• **SUPPLIED DATA**
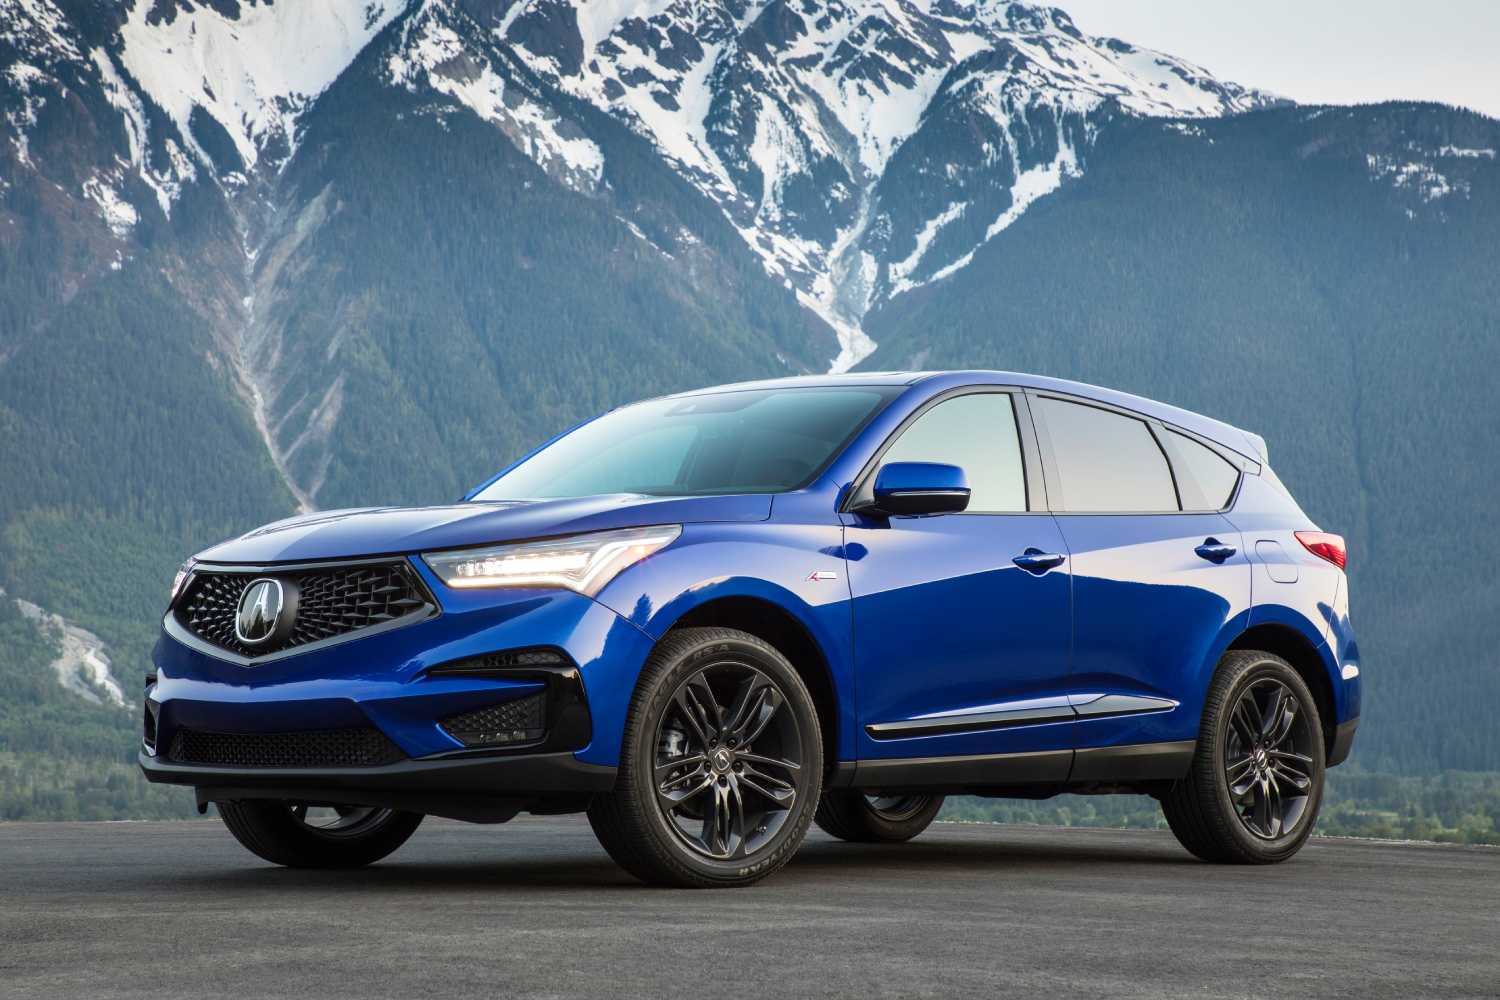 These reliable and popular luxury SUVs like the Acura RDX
---
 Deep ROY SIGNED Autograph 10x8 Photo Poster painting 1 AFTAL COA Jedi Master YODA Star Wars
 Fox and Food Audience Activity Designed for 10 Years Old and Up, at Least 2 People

• **WHAT IS REQUIRED**
Above this instruction are the records; retype exactly the lines from the one containing "Deep ROY SIGNED" up to and including the one containing "Fox and Food".

• **EXERCISE RESPONSE**
 Deep ROY SIGNED Autograph 10x8 Photo Poster painting 1 AFTAL COA Jedi Master YODA Star Wars
 Fox and Food Audience Activity Designed for 10 Years Old and Up, at Least 2 People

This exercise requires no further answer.